For the latest project I’m working on, we’re using Django with Postgres. I was writing some code that had to find a list of objects that weren’t processed yet. The way they were stored in the DB is like so:
class SomeObject(models.Model): #some data class ProcessedObjectData(models.Model): some_object = models.ForeignKey(SomeObject, db_index = True) #some more data |
In this schema, SomeObject is the original object, and a ProcessedObjectData row is created as the result of the processing. You might argue that the two tables should be merged together to form a single table, but that is not right in our case: first, SomeObject “has standing on its own”. Second, we are interested in having more than one ProcessedObjectData per one SomeObject.

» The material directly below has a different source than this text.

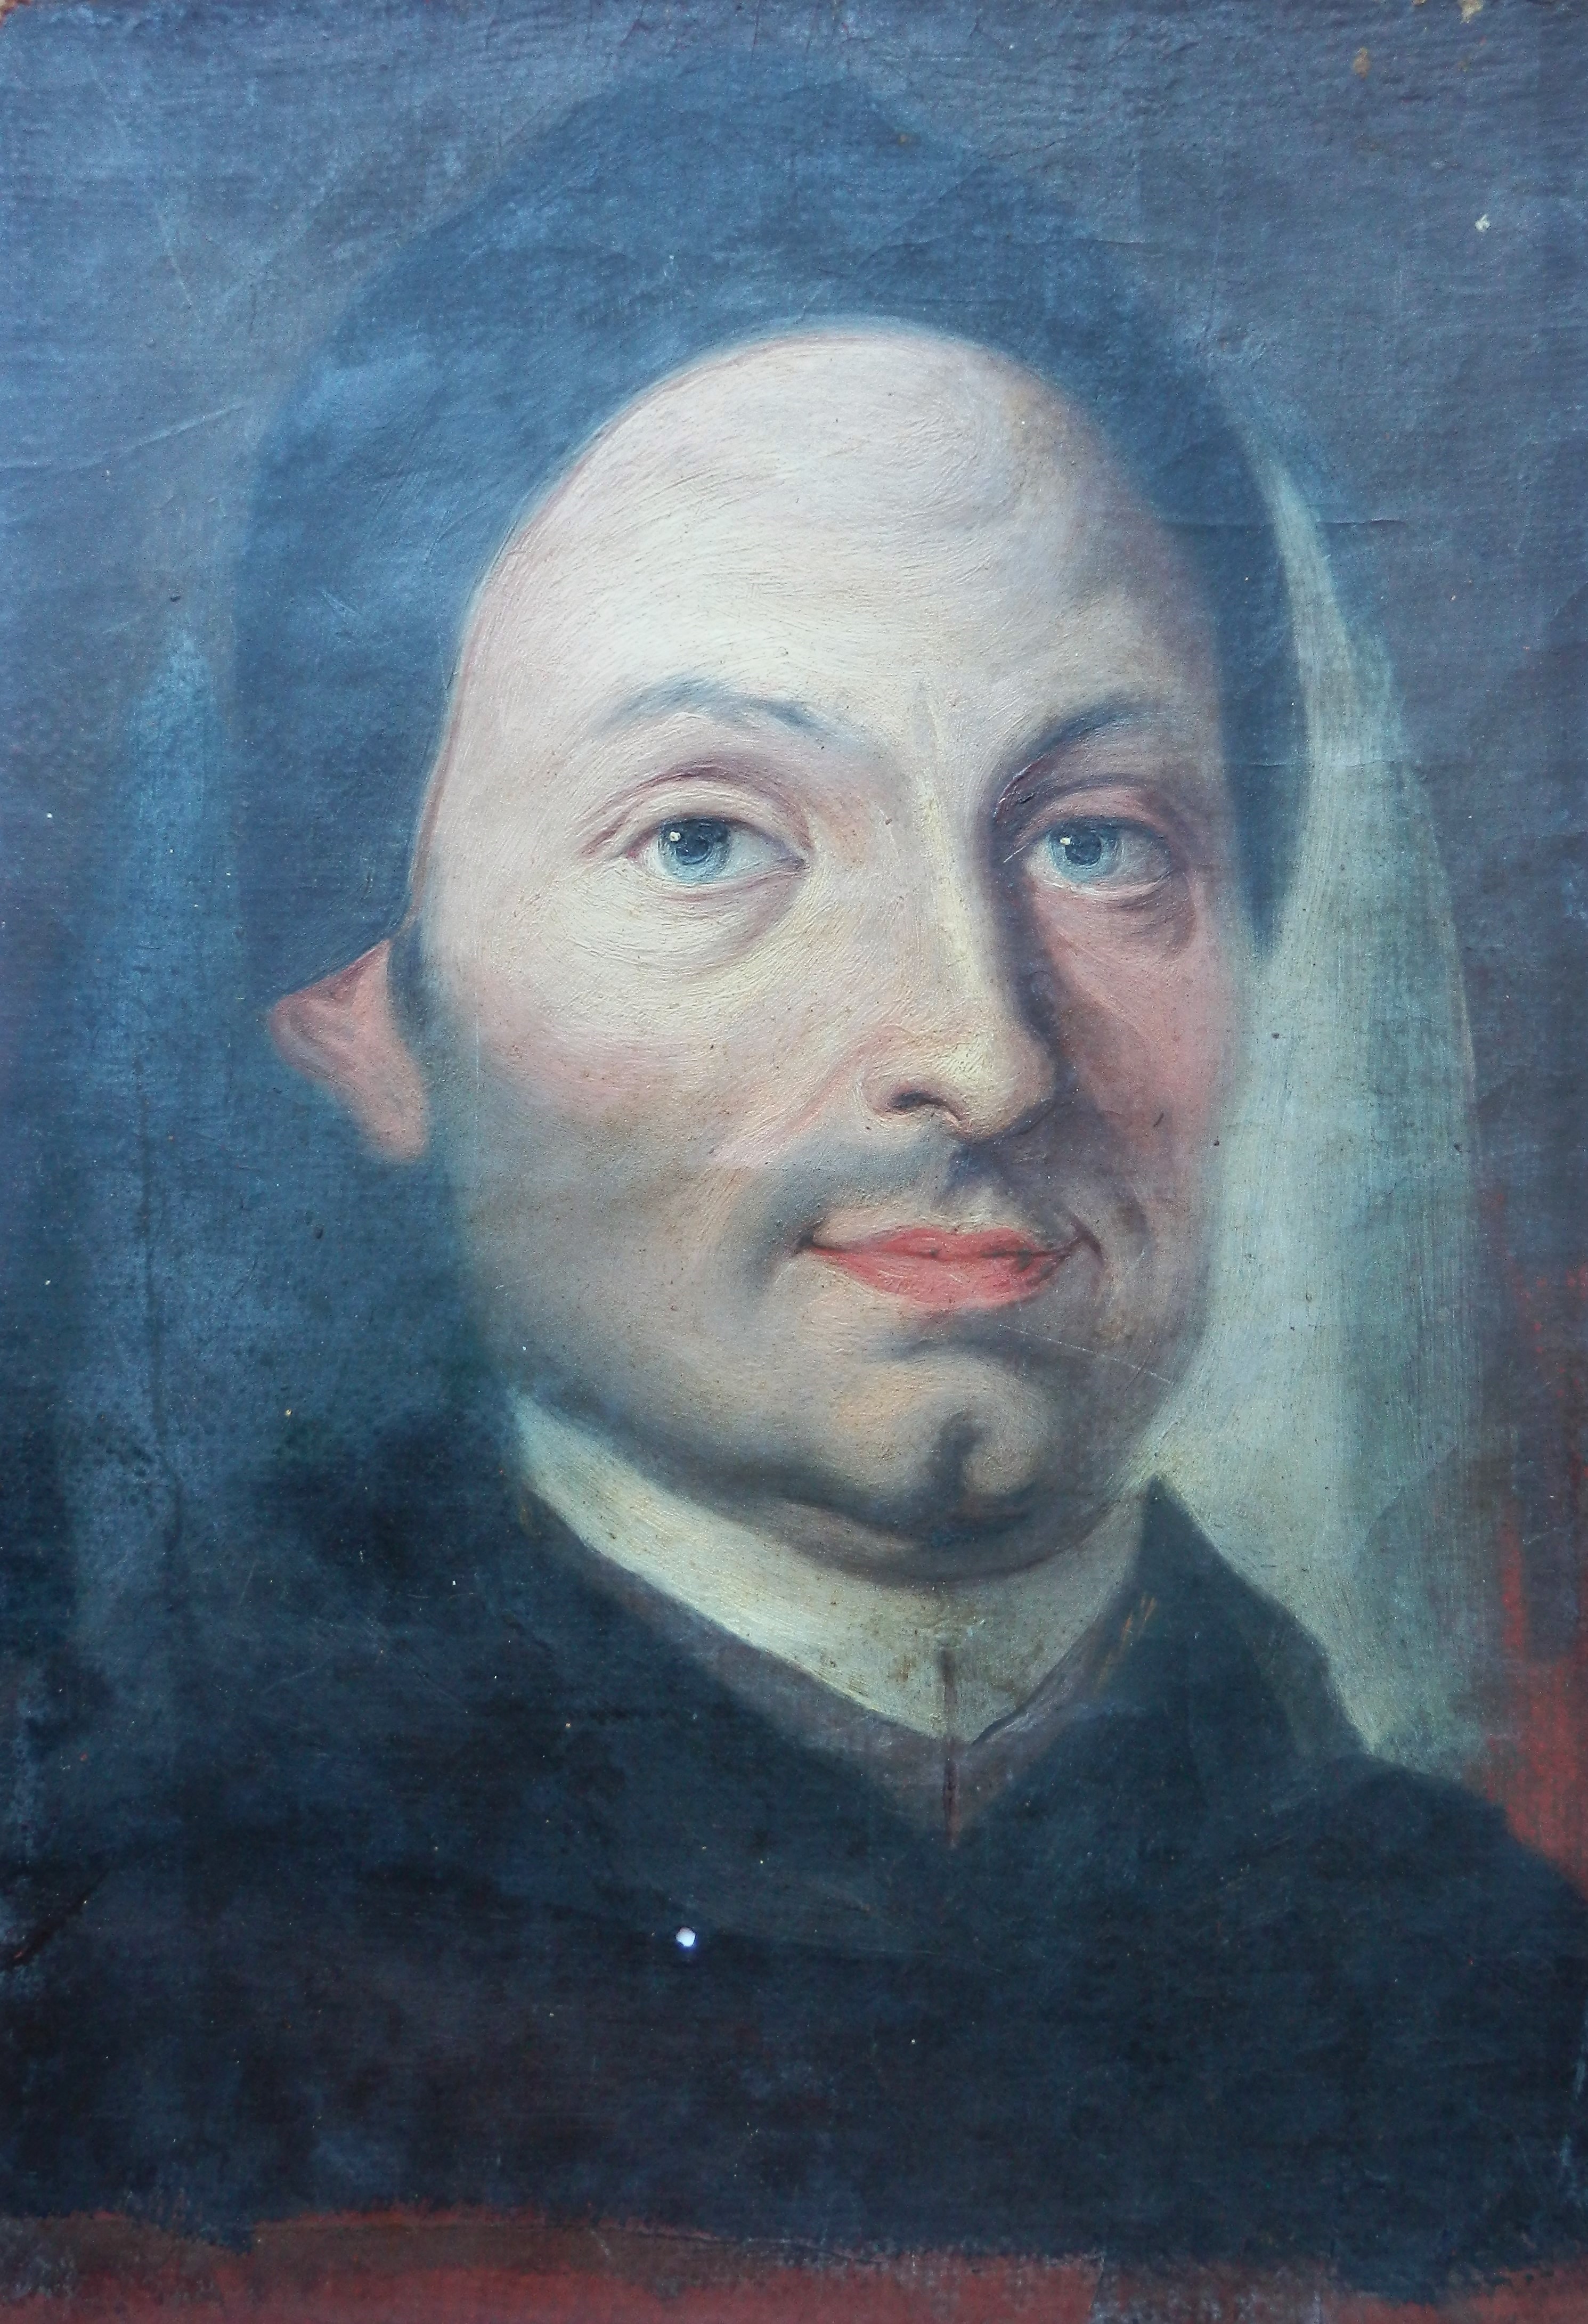 Unbekannter Maler, Porträt eines Geistlichen (Zisterziensers), 18. Jahrhundert, Öl auf Leinwand, Inv.-Nr. 1205. Foto: Dr. Helmuth Oehler, Innsbruck.

Given this situation, I was interested in finding all the SomeObject’s that don’t have a certain type of ProcessedObjectData. A relatively easy way to express it (in Python + Django ORM) would be:
SomeObject.objects.exclude(id__in = ProcessedObjectData.objects.filter(...some_filter...).values('some_object_id')) |
Unfortunately, while this is reasonable enough for a few thousand rows (takes a few seconds), when you go above 10k and certainly for 100k objects, this starts running slowly. This is an example of a rule of mine:
Code is either fast or slow. Code that is “in the middle” is actually slow for a large enough data-set.
This might not be 100% true, but it usually is and in this case – very much so.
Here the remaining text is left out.